> WHAT NEEDS TO BE DONE
Pictures in the listing below are skipped, while the lines from the "Windows 7 cũng" line through the "SAINT-PIERRE ET MIQUELON" line are returned word for word.

> INPUT RECORDS
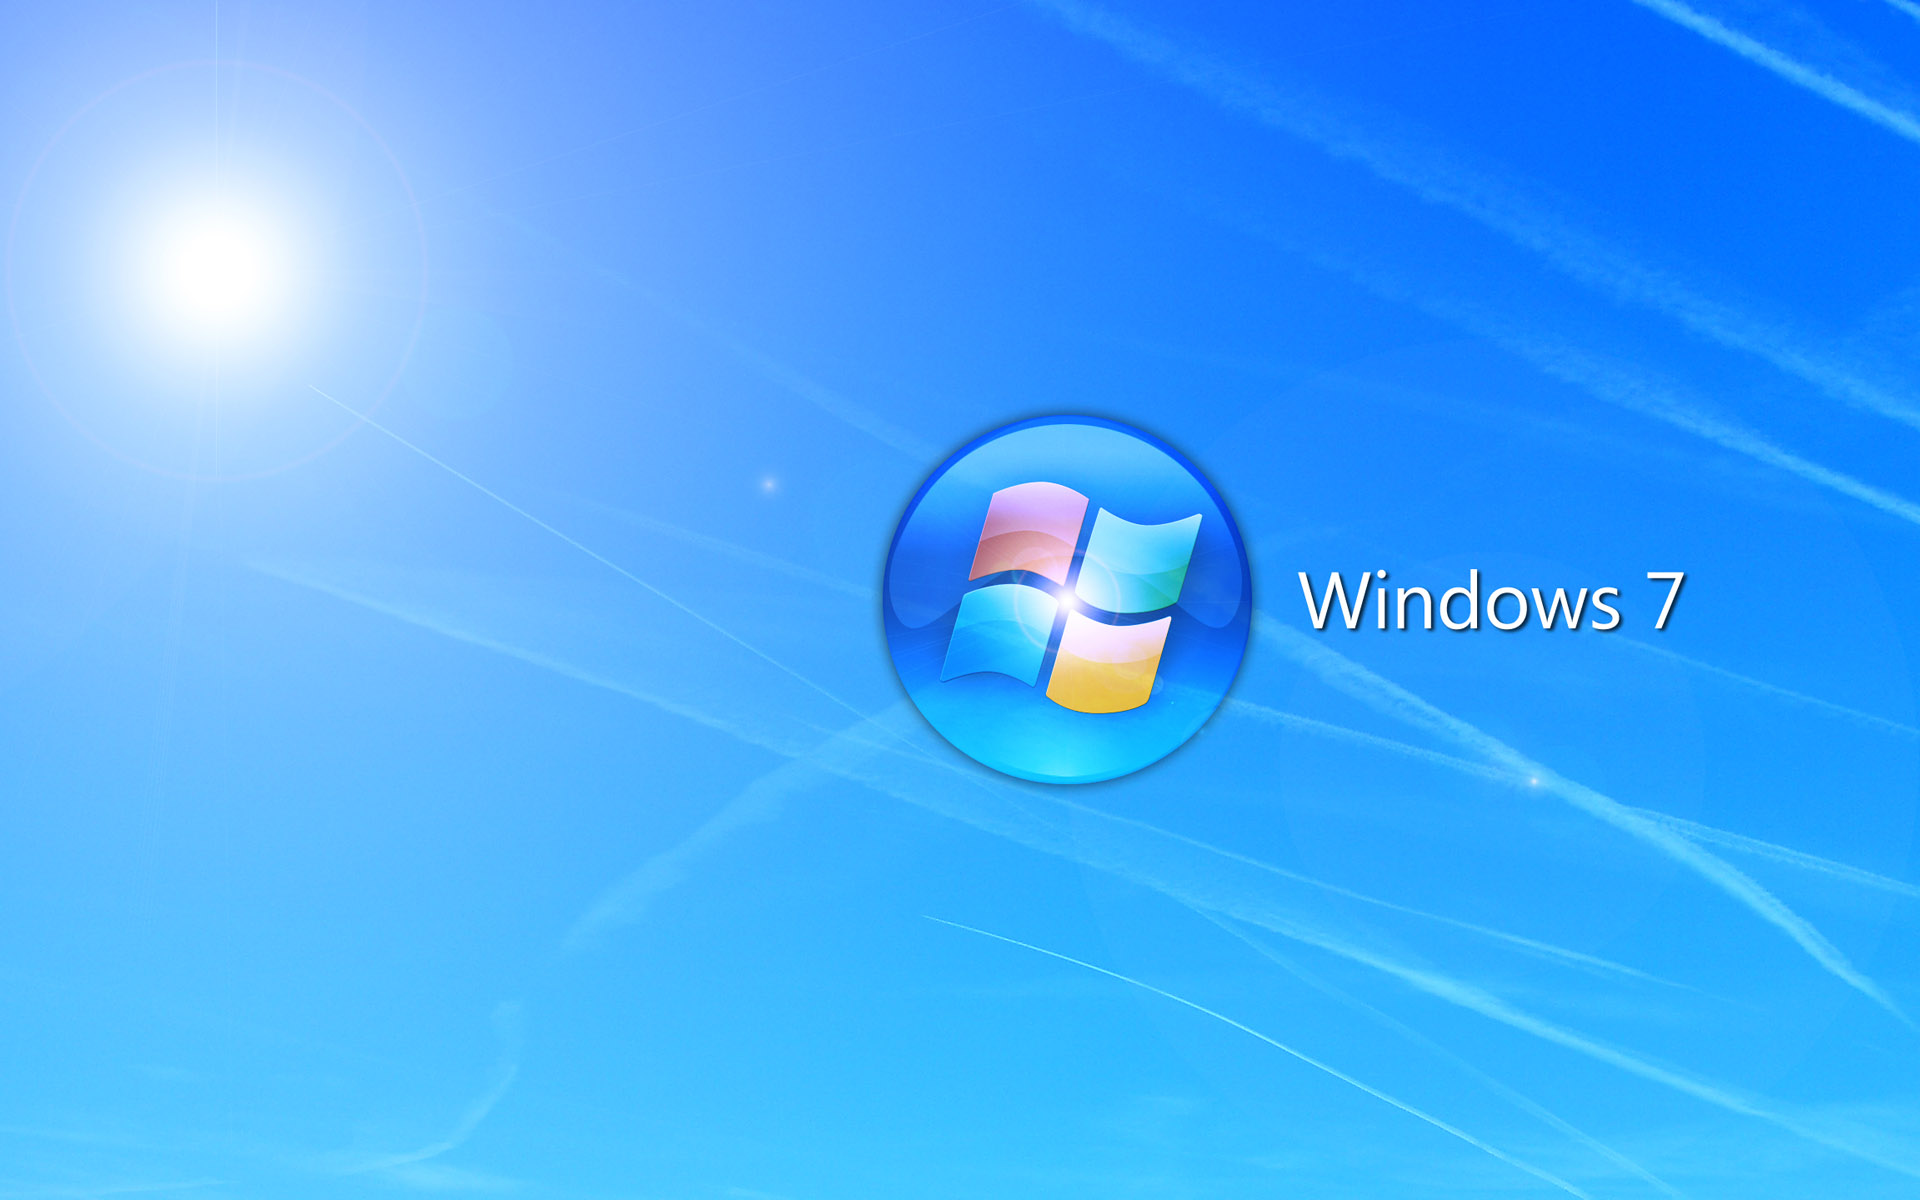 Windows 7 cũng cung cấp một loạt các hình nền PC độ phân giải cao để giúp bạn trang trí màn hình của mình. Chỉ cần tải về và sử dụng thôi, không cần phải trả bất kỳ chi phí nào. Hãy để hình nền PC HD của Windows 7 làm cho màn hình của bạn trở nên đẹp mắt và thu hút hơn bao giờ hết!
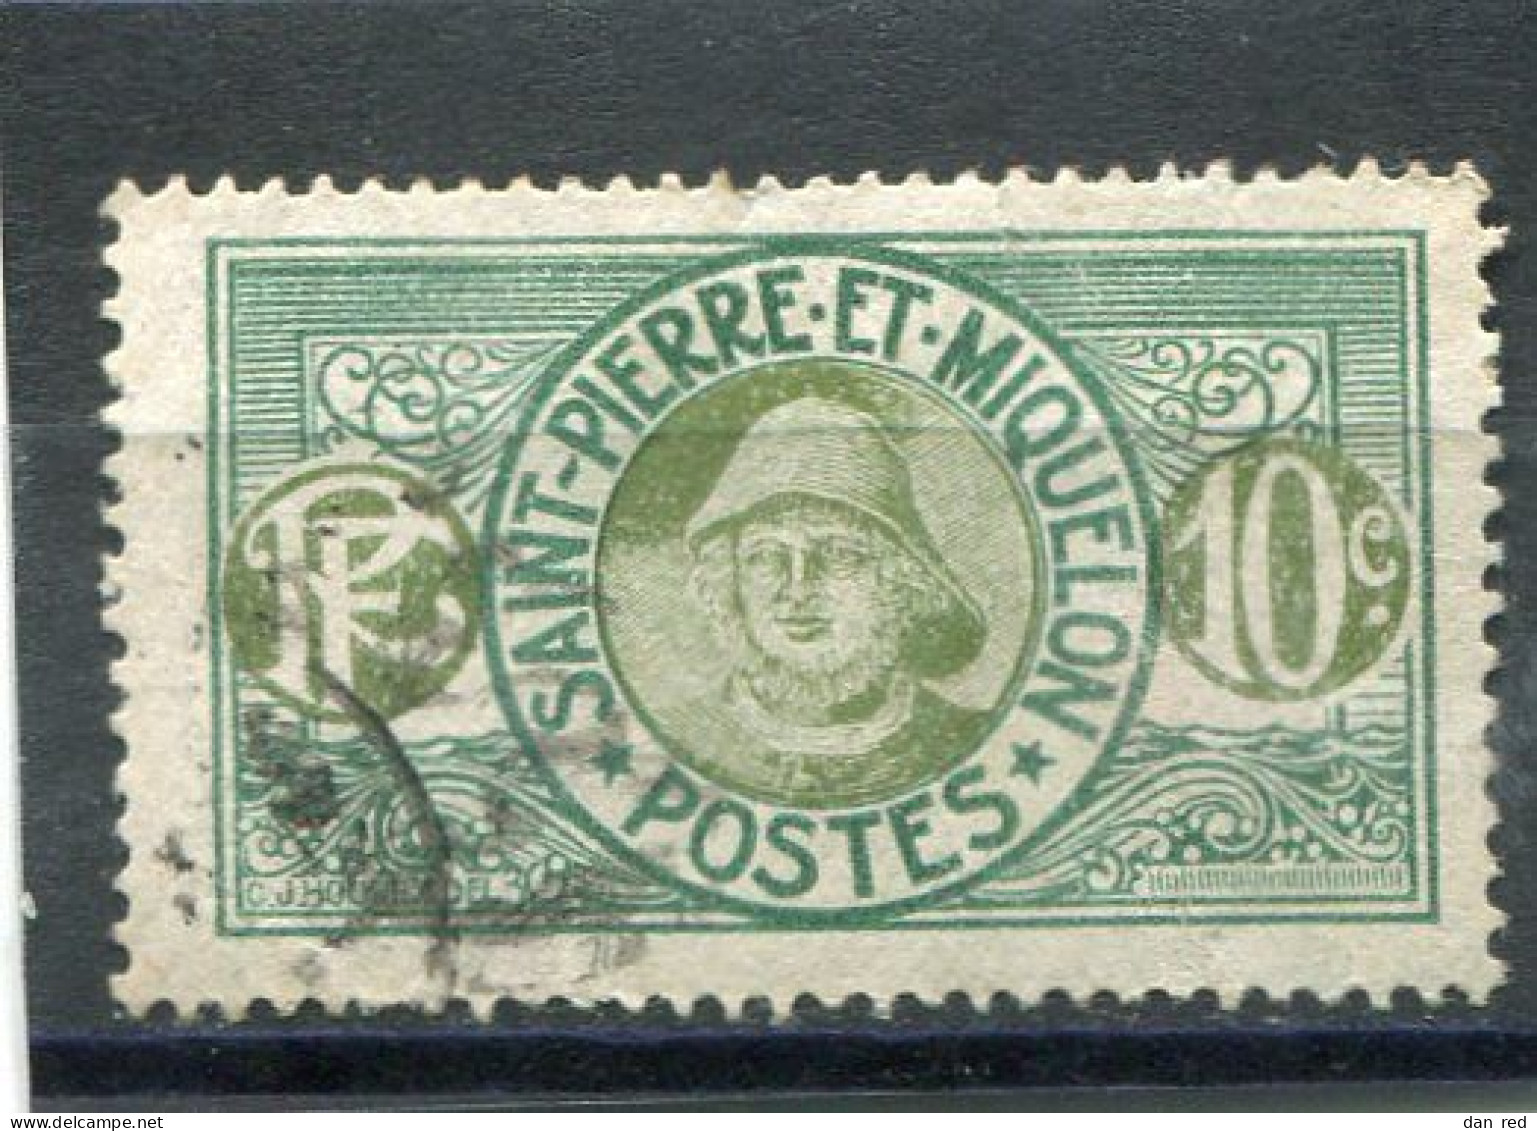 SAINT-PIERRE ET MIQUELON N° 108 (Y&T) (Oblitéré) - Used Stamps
==
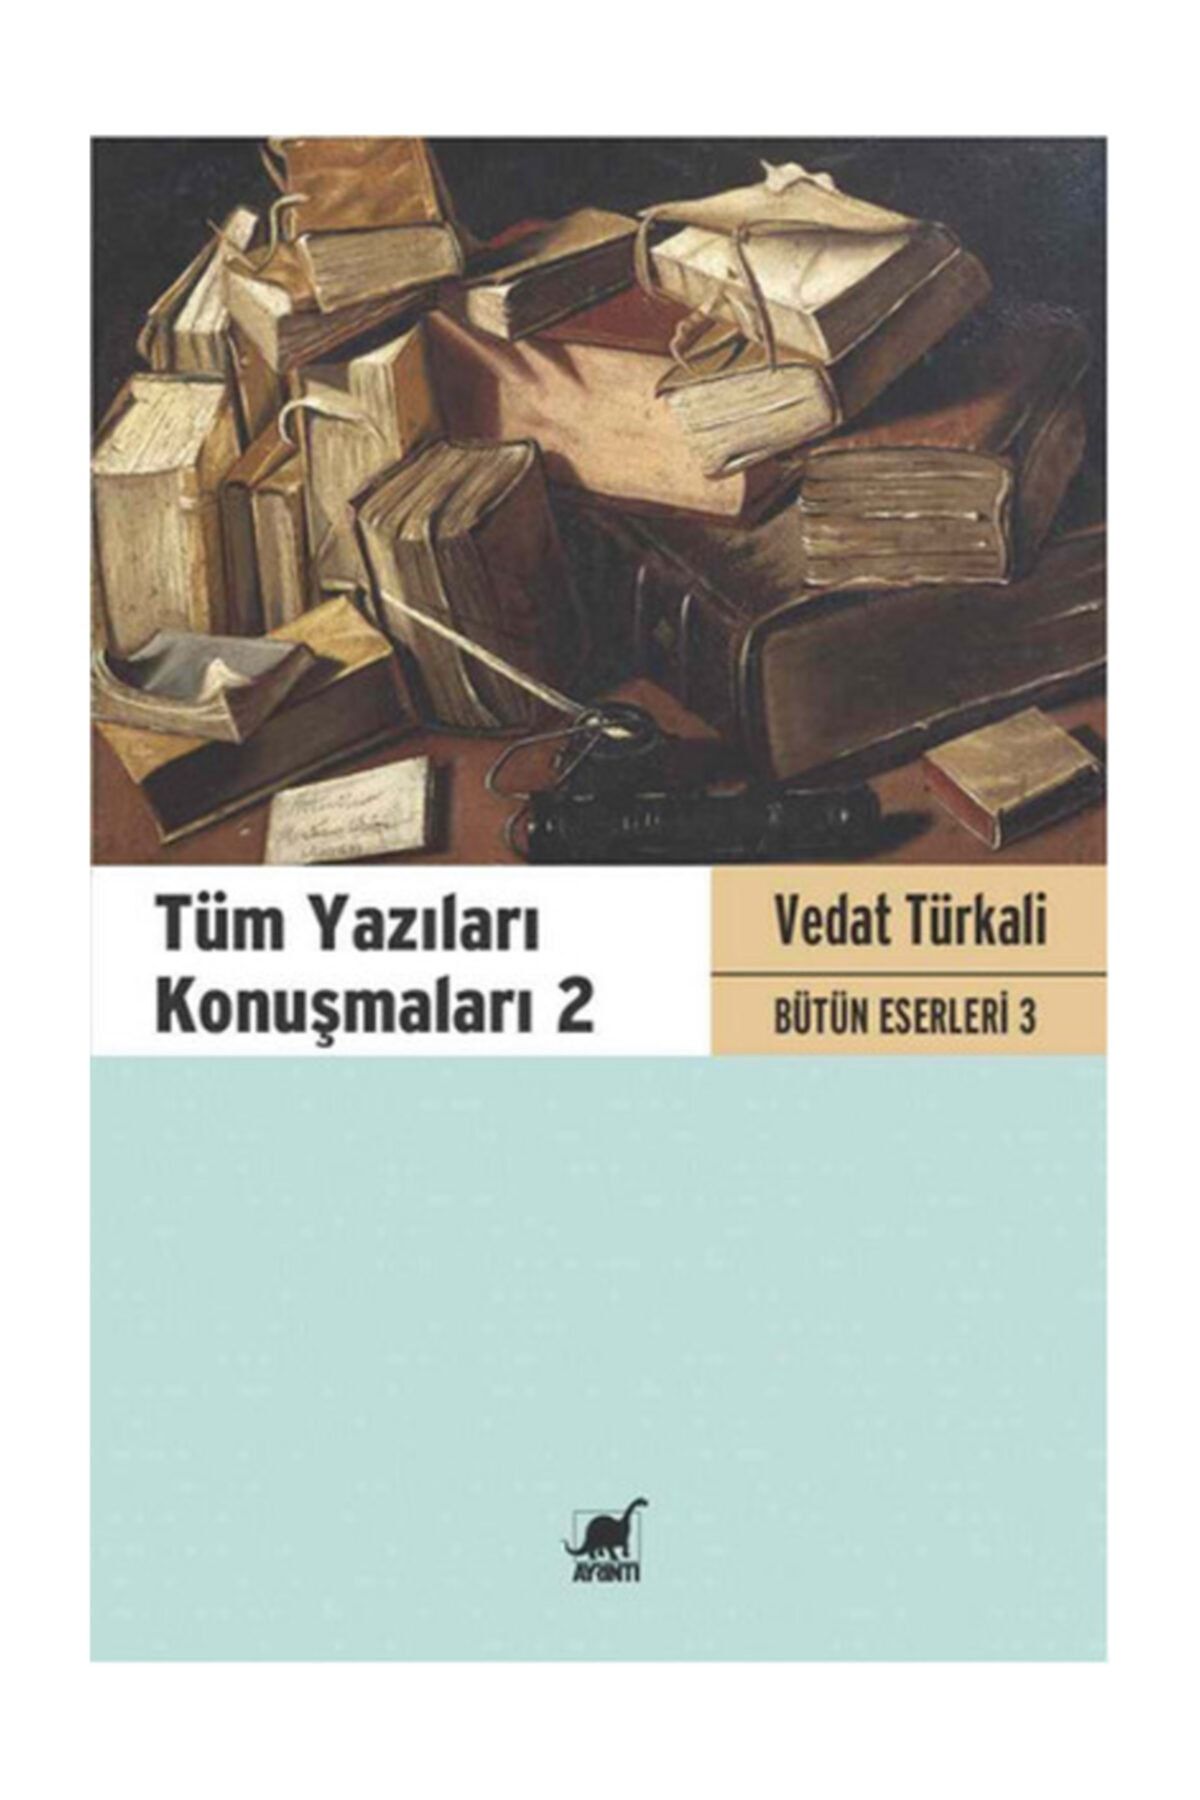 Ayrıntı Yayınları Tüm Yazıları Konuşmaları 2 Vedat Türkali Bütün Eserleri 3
--
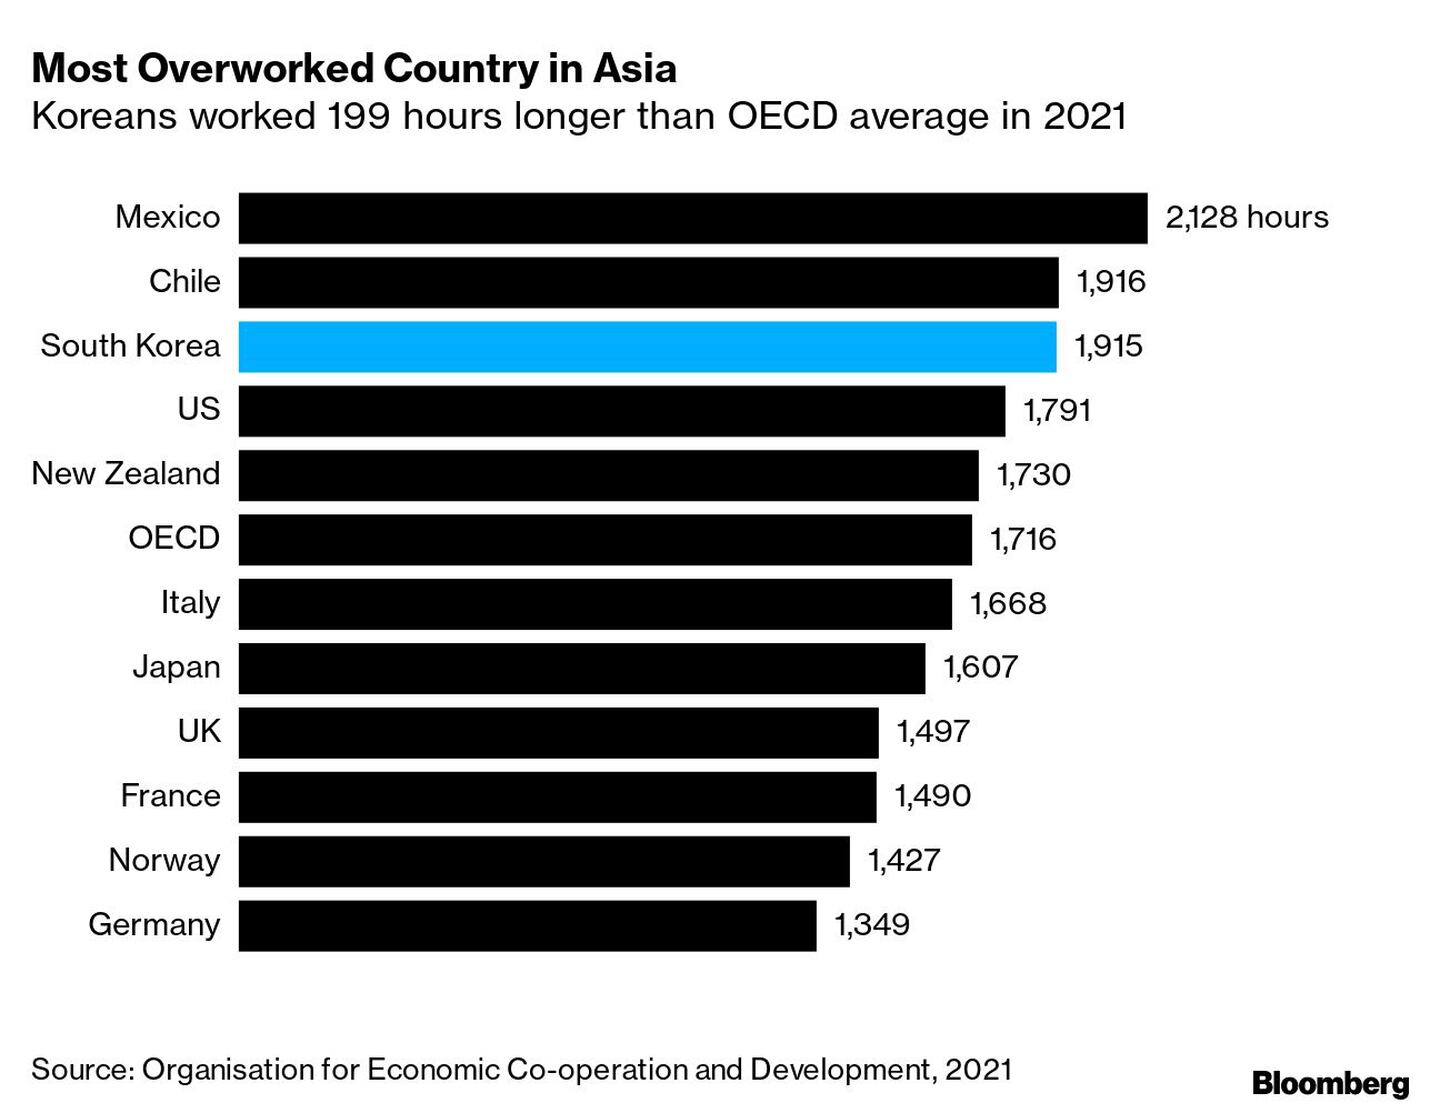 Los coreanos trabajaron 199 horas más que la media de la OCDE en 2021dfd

> SOLVED PROBLEM
 Windows 7 cũng cung cấp một loạt các hình nền PC độ phân giải cao để giúp bạn trang trí màn hình của mình. Chỉ cần tải về và sử dụng thôi, không cần phải trả bất kỳ chi phí nào. Hãy để hình nền PC HD của Windows 7 làm cho màn hình của bạn trở nên đẹp mắt và thu hút hơn bao giờ hết!
 SAINT-PIERRE ET MIQUELON N° 108 (Y&T) (Oblitéré) - Used Stamps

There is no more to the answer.